Watching porn; that’s how I’m spending most of my summer days. It’s either that or a sunbathing by Titisee Lake.
Titisee Lake brings back a lot of my childhood memories. When I was six years old, my parents decided to move us to a bigger house and they picked Freiburg because of its unique setting. The first few months sucked because I had no friends to play with and all my cousins lived hours away from us; not that I like any of them anyway. Maybe Céline, but she lives in Paris. I heard she’s majoring in english literature. We clashed when we were kids, but now that we’re older, I enjoy spending time with her whenever I get to visit her.
One year after we moved here, I was walking down the street when a soccer ball rolled in front of me. I picked it up and looked around to see who it belonged to. A guy, Axel, ran in my direction and thanked me for grabbing it. Behind him stood two boys, Leon and Mario. Little did I know we’d instantly become best friends and that we’d end up spending which I now recall to be the best years of my life. I was way nicer and friendlier when I was young, and it took very little to make me happy. Now, nothing ever fulfills me.
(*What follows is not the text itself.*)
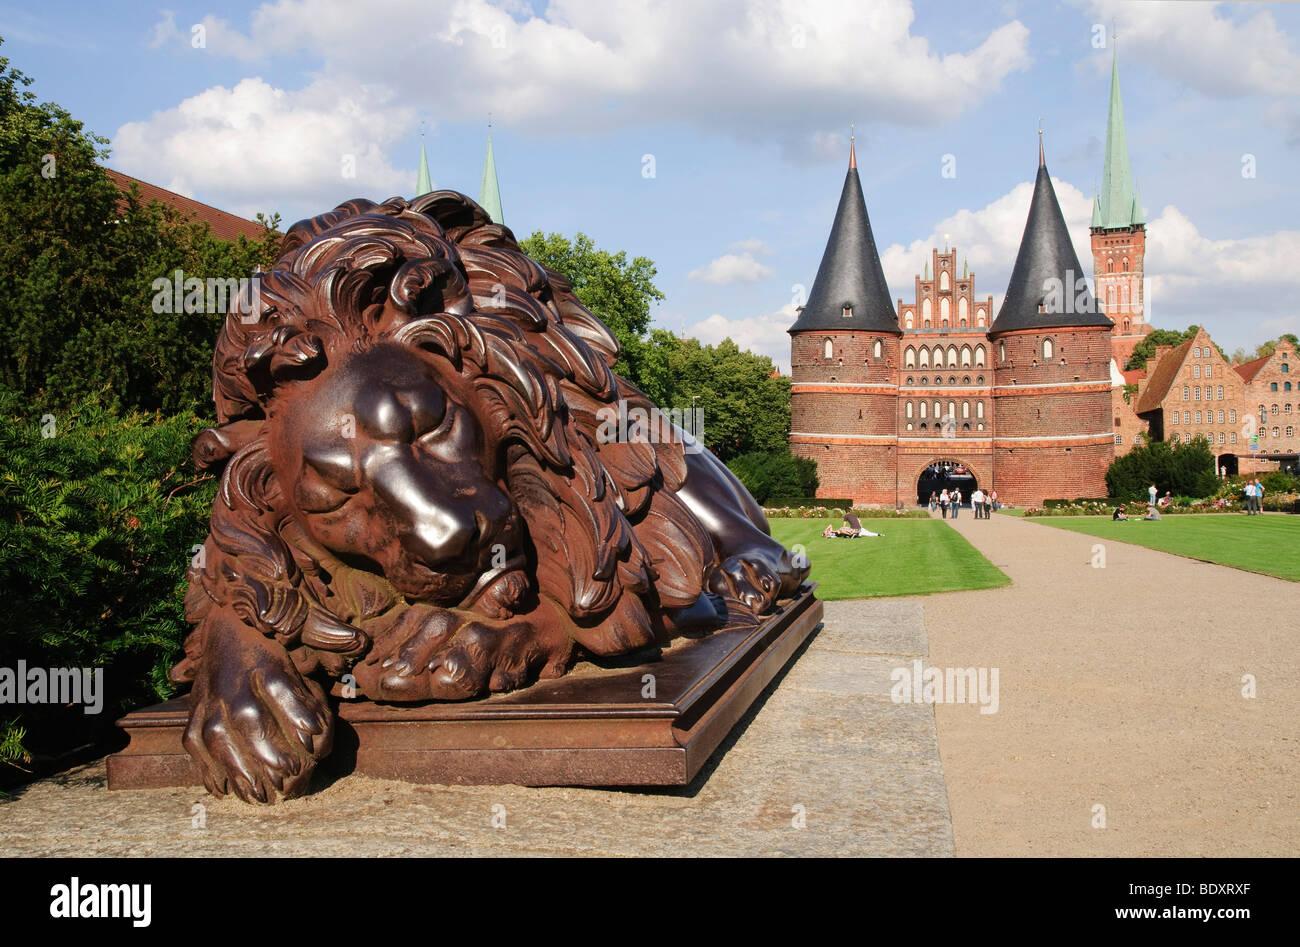 Sculpture Sleeping Lion in front of the Holstentor, Holsten Gate, in Luebeck, Schlewig-Holstein, Germany, Europe - Stock Image

I’m always on the lookout for satisfaction, but hardly anything seems to fill the void.
My first time dealing with separation came at the age of twelve when Axel moved to Canada and Mario, to Australia, the following year. Leon stayed, but for some reason we ended up growing apart. I see him occasionally, but our friendship isn’t as close as it was before.
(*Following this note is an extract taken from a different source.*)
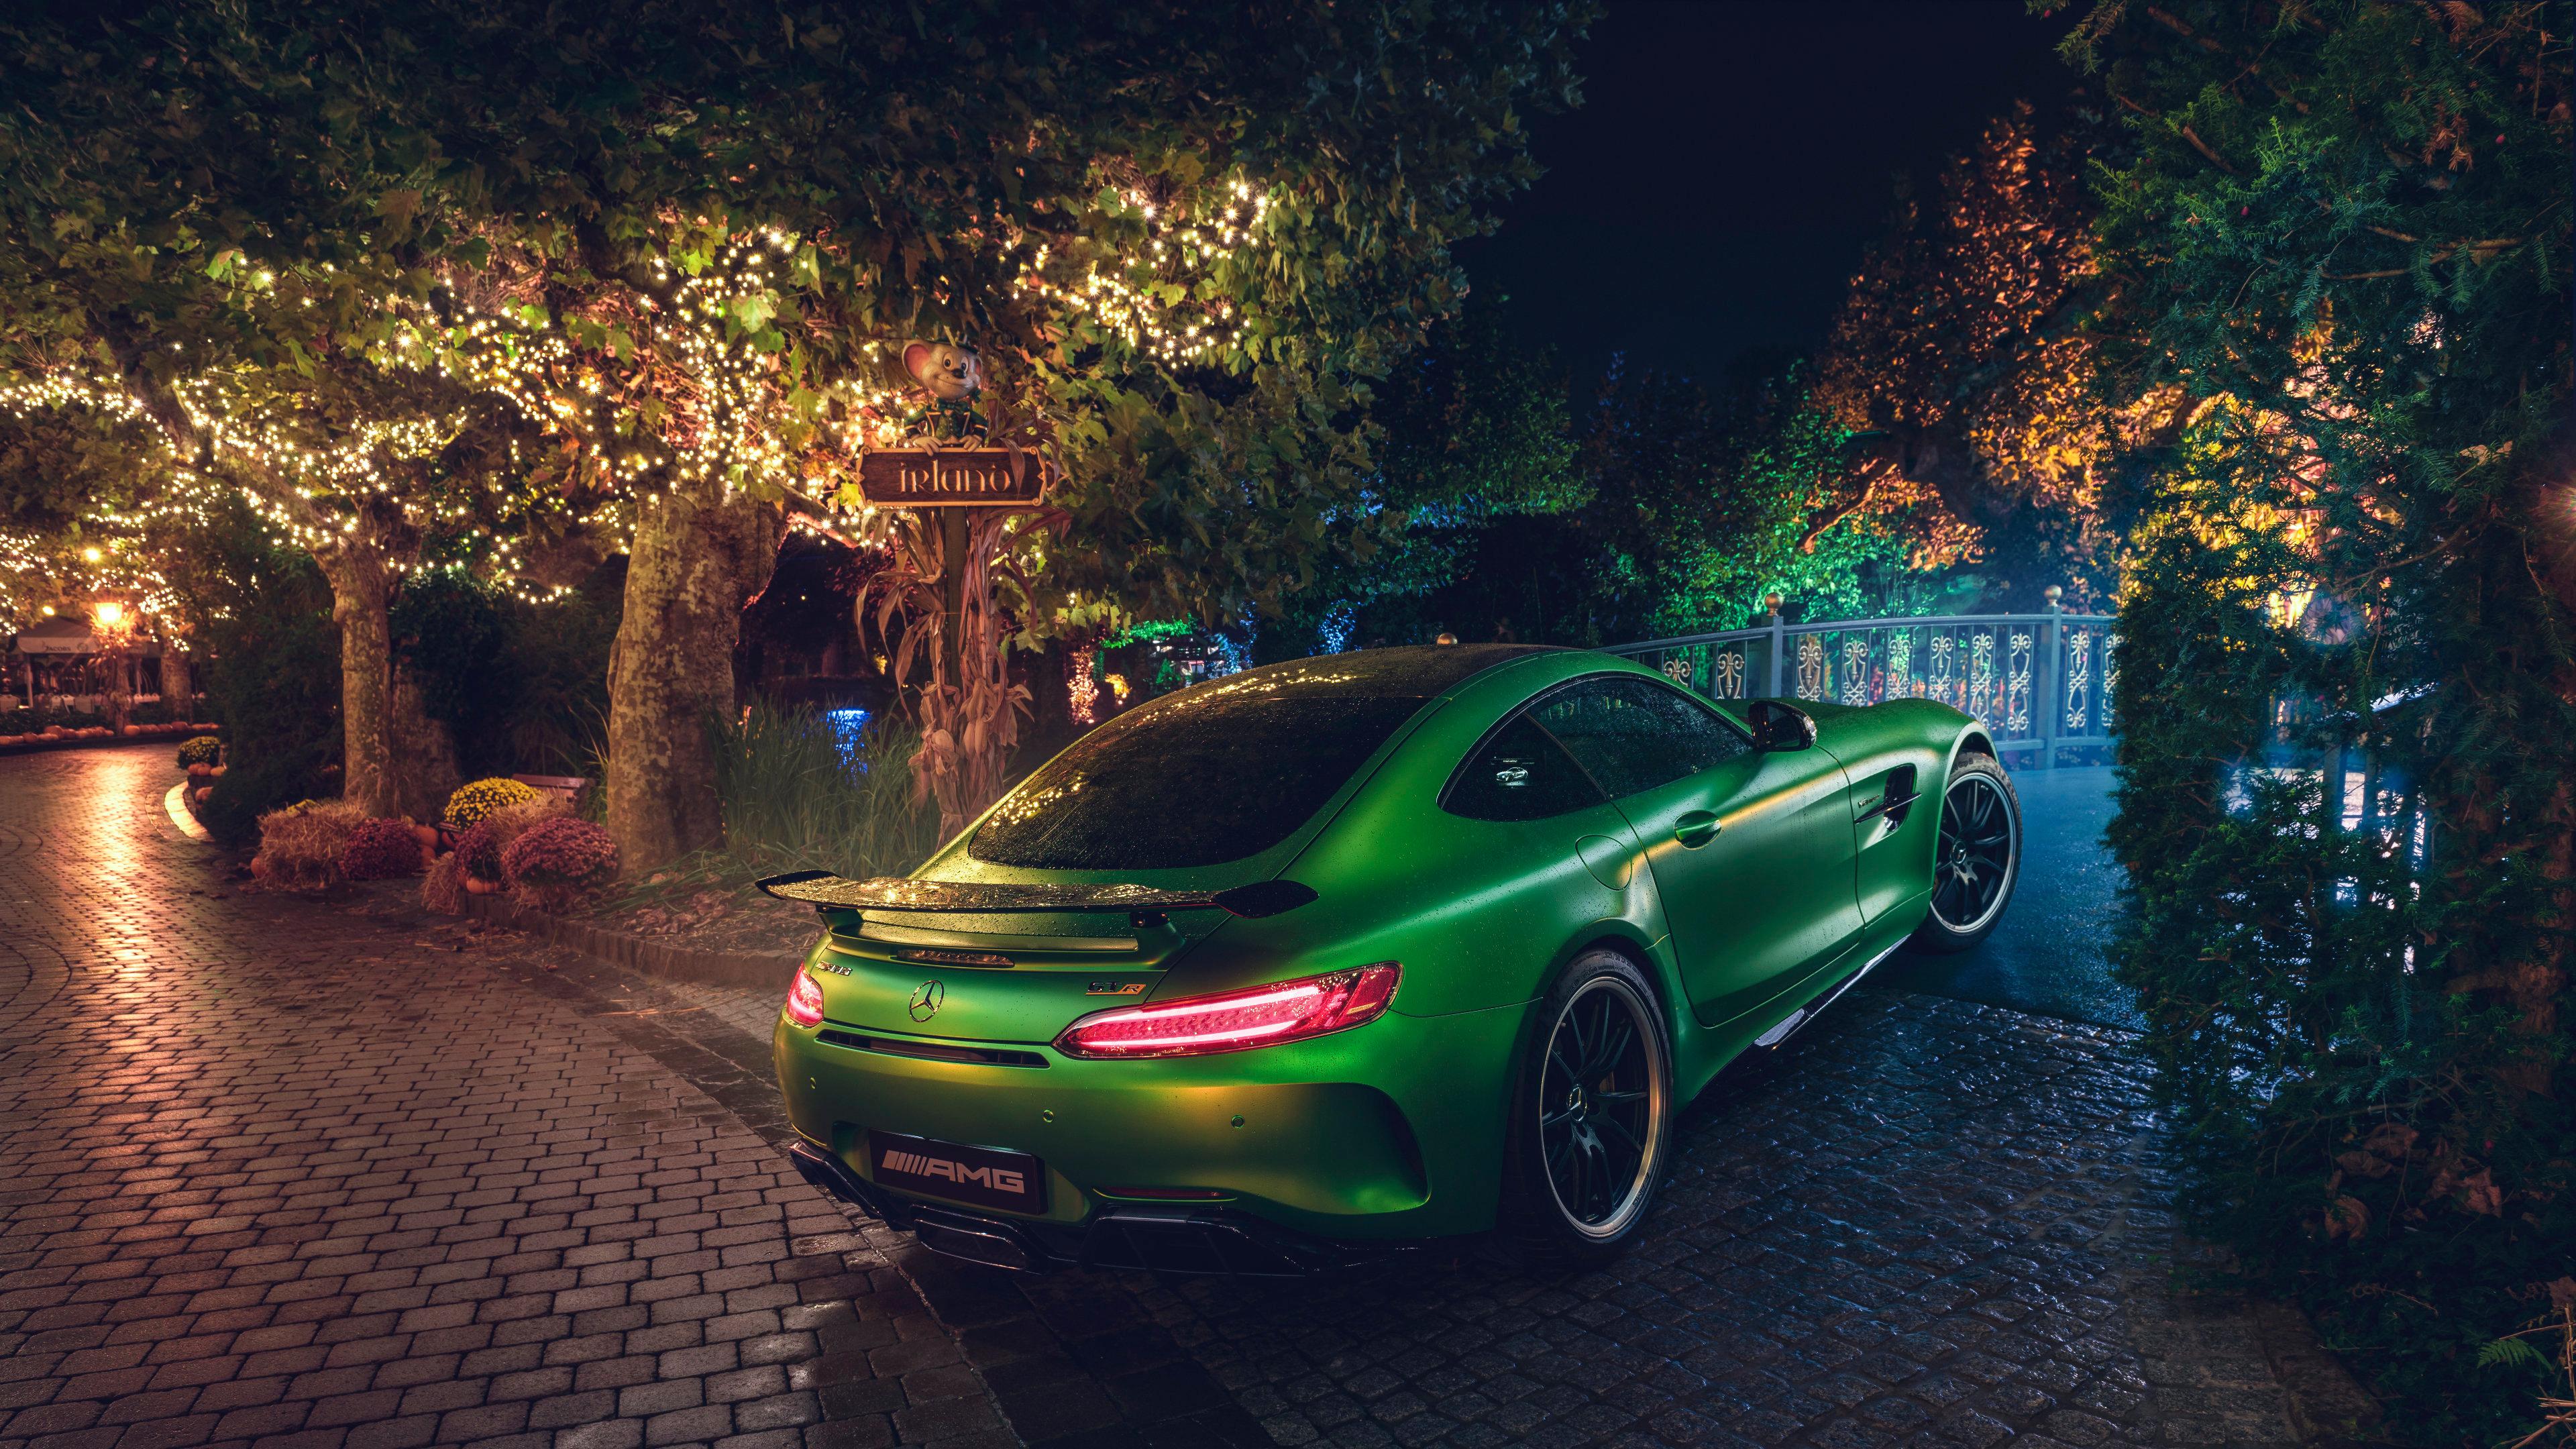 green mercedes amg gt r rear 4k 1546361640 - Green Mercedes AMG GT R Rear 4k - mercedes wallpapers, mercedes amg gtr wallpapers, hd-wallpapers, cars wallpapers, 4k-wallpapers, 2018 cars wallpapers

Experiencing such abrupt separation hurts a lot, but it also challenges you to be brave and adaptable. After they left, I pulled back from involving myself with people, but by the time high school started, I found myself longing for human contact again. Picking up the pieces was tough and took some time, but I managed to do it. However, I’m now more cautious about getting too close. For the most part, it has worked with everyone but Hilda. No matter how much I try, I feel like we’ll always be connected to one another. We always find a way to each other no matter what happens. That scares me because she’s most likely to hurt me over and over again, and I’ll never be able to push her away.